Cricket is set to do away with one of its oldest practices -- the use of saliva to shine the ball -- as an Anil Kumble-led ICC committee on Monday recommended banning it owing to the COVID-19 pandemic.
However, the ICC Cricket Committee saw no health hazard in continuing with the use of sweat.
During a meeting over a video conference, the committee also pushed for bringing back two non-neutral umpires (both from the host nation) for all internationals matches, as DRS ensures more accurate decision making.
This was also recommended to curb travel.
In line with its proposal, the committee has recommended an increase in the use of DRS review per innings, from two to three.
"We are living through extraordinary times and the recommendations the Committee have made today are interim measures to enable us to safely resume cricket in a way that preserves the essence of our game while protecting everyone involved," Kumble said in an ICC release.

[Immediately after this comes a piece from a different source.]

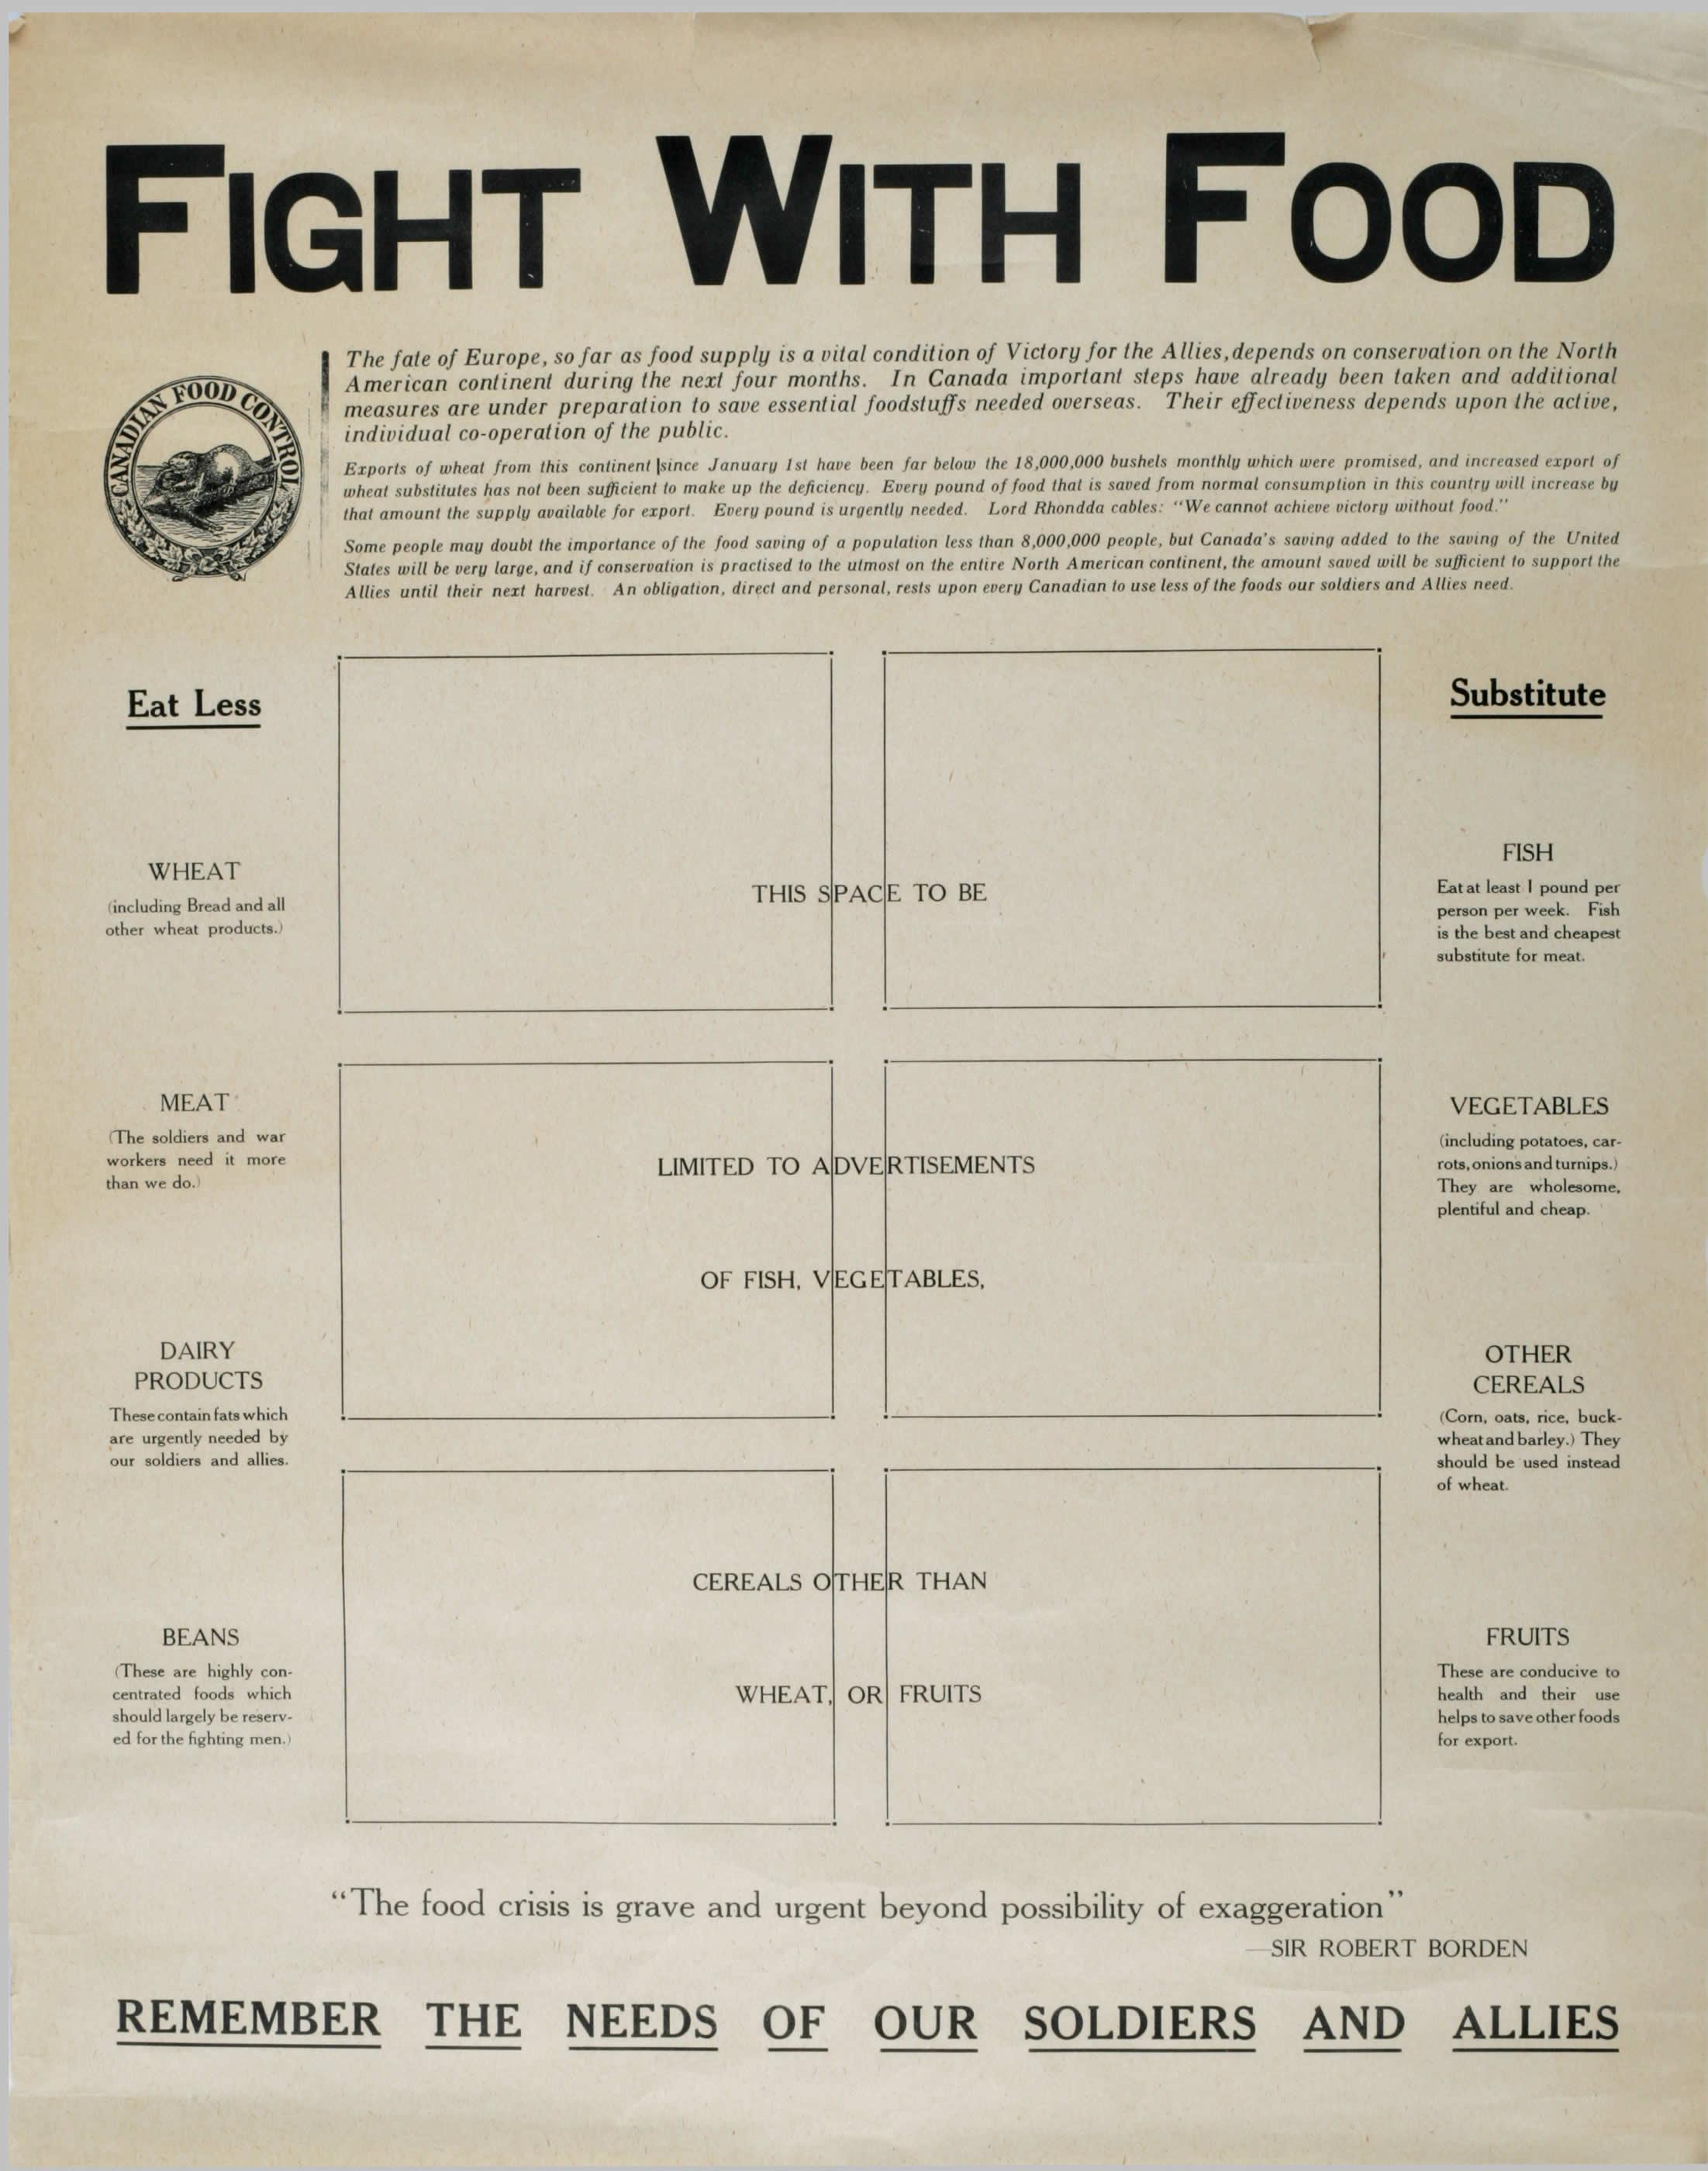 <i>Fight with Food (Combattez avec des aliments)</i>

"The ICC Cricket Committee heard from the Chair of the ICC Medical Advisory Committee Dr Peter Harcourt regarding the elevated risk of the transmission of the virus through saliva, and unanimously agreed to recommend that the use of saliva to polish the ball be prohibited," the apex body said in the release.
However, the bowlers can continue using sweat to shine the ball as it's not a virus transmitter.
"The Committee also noted the medical advice that it is highly unlikely that the virus can be transmitted through sweat.
"...(It) saw no need to prohibit the use of sweat to polish the ball while recommending that enhanced hygiene measures are implemented on and around the playing field."
The use of saliva to shine the cricket ball, especially in the red-ball format, is primarily meant for swing bowling but the practice is now being seen as a health risk in a world battling the pandemic.
As the ICC last month contemplated banning the use of saliva as a safety measure in what is expected to be a very different world going ahead, it has thrown the floor open for a fierce debate in the cricket community.
Only time will tell how much of an imbalance between the bat and ball will the whole thing cause, but fast bowing greats such as Michael Holding and Waqar Younis have already expressed their aversion to the idea.
Another notable point discussed in the meeting was re-introduction of two non-neutral umpires in bilateral series at least till the time travelling becomes safer.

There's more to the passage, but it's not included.